三葉が住んでいる糸守町は風景が美しく、瀧が住んでいる都会とのコントラストを感じられる景色ばかりの土地。この駅が出てくる場面では、お腹に飛騨牛の文字があるゆるキャラ、「ひだくろちゃん」もこっそり登場しています。
飛騨市図書館
飛騨古川駅より徒歩5分ほどの場所にある飛騨市図書館は、瀧が三葉を探しにやってきた際に立ち寄った図書館と言われています。瀧はここで必死に糸守町の過去について調べていました。駅から近いので、気になった人は立ち寄ってみましょう。
【施設情報】
- 施設名:飛騨古川駅
- 所在地:〒509-4225 岐阜県飛騨市古川町金森町
- 電話番号: 050-3772-3910(JR東海/テレフォンセンター)
- 詳細情報:
https://www.homemate-research-station.com/dtl/46000000000000004280/
【施設情報】
- 施設名:飛騨市図書館
- 所在地:〒509-4292 岐阜県飛騨市古川町本町2-22
- 電話番号:0577-73-5600
- 詳細情報:
https://www.homemate-research-library.com/dtl/00000000000000281317/
三葉探しで立ち寄る神社は「気多若宮神社」
三葉が住む糸守は架空の町ではありますが、飛騨の町をイメージして描かれています。飛騨古川駅の次のスポットは、駅より徒歩およそ15分で着く気多若宮神社。神社へ続く長い階段が登場するのは三葉を探して立ち寄ったシーンです。地元の人に何かを尋ねる瀧の後ろで、同行した司と奥寺先輩がじゃれあっているシーンは、朗らかさがあります。
こちらの気多若宮神社は、平安時代に建てられたと言われている神社。国の重要無形民俗文化財に登録されており、神社の例祭である古川祭は日本三大裸祭りとしても有名です。
【施設情報】
- 施設名:気多若宮神社
- 所在地:〒509-4212 岐阜県飛騨市古川町上気多1297番地
- 電話番号:0577-73-2568
- 詳細情報:
https://www.homemate-research-religious-building.com/dtl/00000000000000291130/
番外編1:舞台のモチーフとなった「諏訪湖」
ヒロイン三葉が住んでいた大きな湖がある糸守町は、飛騨高山が舞台と言われていますが、実際には湖はありません。この湖は、長野県にある諏訪湖がモチーフとされていると言われています。というのも、新海誠監督は長野県南佐久郡の生まれ。その故郷の風景が、自身の作品に大きな影響を与えていると監督は語っていました。

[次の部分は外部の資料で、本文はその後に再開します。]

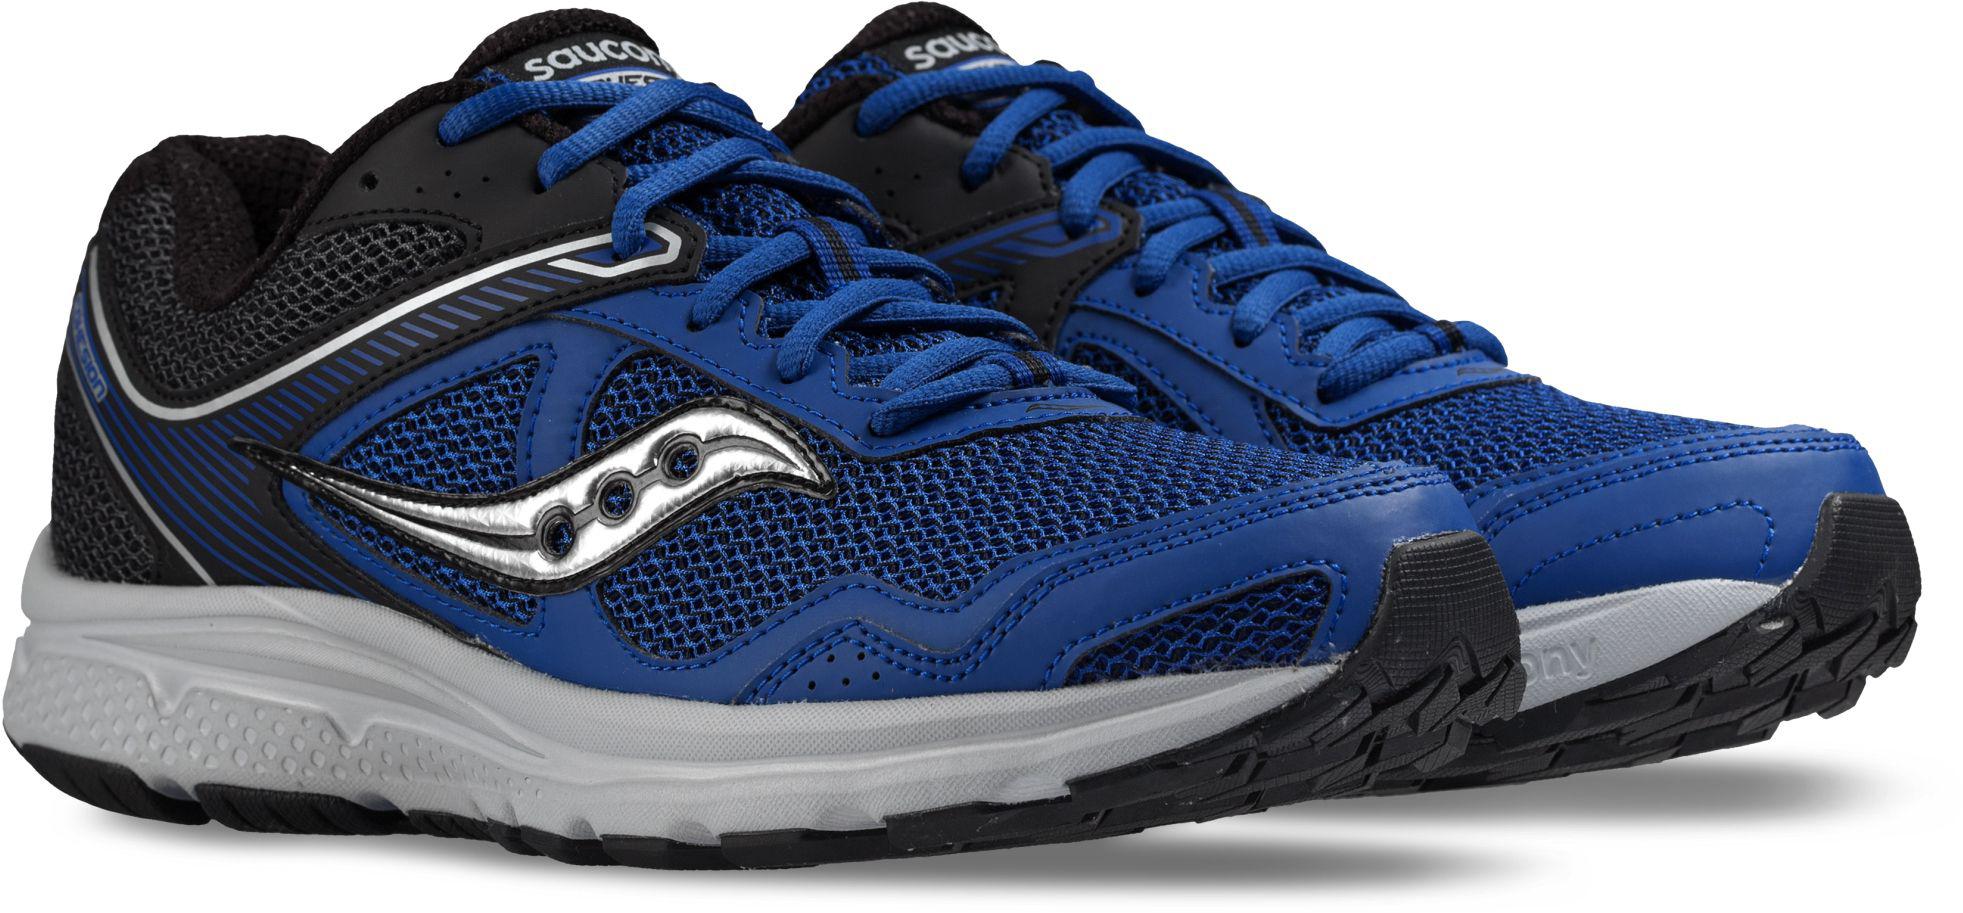 Saucony Cohesion 10 Running Shoes in Blue for Men - Lyst

昔から知っている諏訪湖の印象そのままのシーンは、地元愛が強いと言われる監督ならではです。また、自然の残る美しい糸守町について、美術監督の丹治匠は、諏訪湖など湖のある街の風景などを参考に描いたと語っています。
【施設情報】
- 施設名:諏訪湖
- 所在地:〒394-0034 長野県諏訪市諏訪湖畔
- 電話番号:0266-52-2111(一般社団法人 諏訪観光協会)
- 詳細情報:
https://www.homemate-research-tour.com/dtl/53000000000000000055/
番外編2:瀧が通っていた学校のモデル校「広島市立基町高校」
瀧が通っていた都内の学校は、三葉の学校に比べてかなり都会的です。入れ替わった三葉も、その都会的な雰囲気に圧倒されるほどでした。屋上でお弁当を食べるシーンの向こうでは、高くて大きいビルが並んでいます。校内が吹き抜けのようになっているのも現代的。こちらの学校は、広島市内にある「広島市立基町高等学校」がモデルと言われています。
【施設情報】
- 施設名:広島市立基町高等学校
- 所在地:〒730-0005 広島県広島市中区西白島町25-1
- 電話番号:082-221-1510
- 詳細情報:
https://www.homemate-research-high-school.com/dtl/00000000000000440949/
※この記事は、2018年12月時点の情報に基づいて作成されています。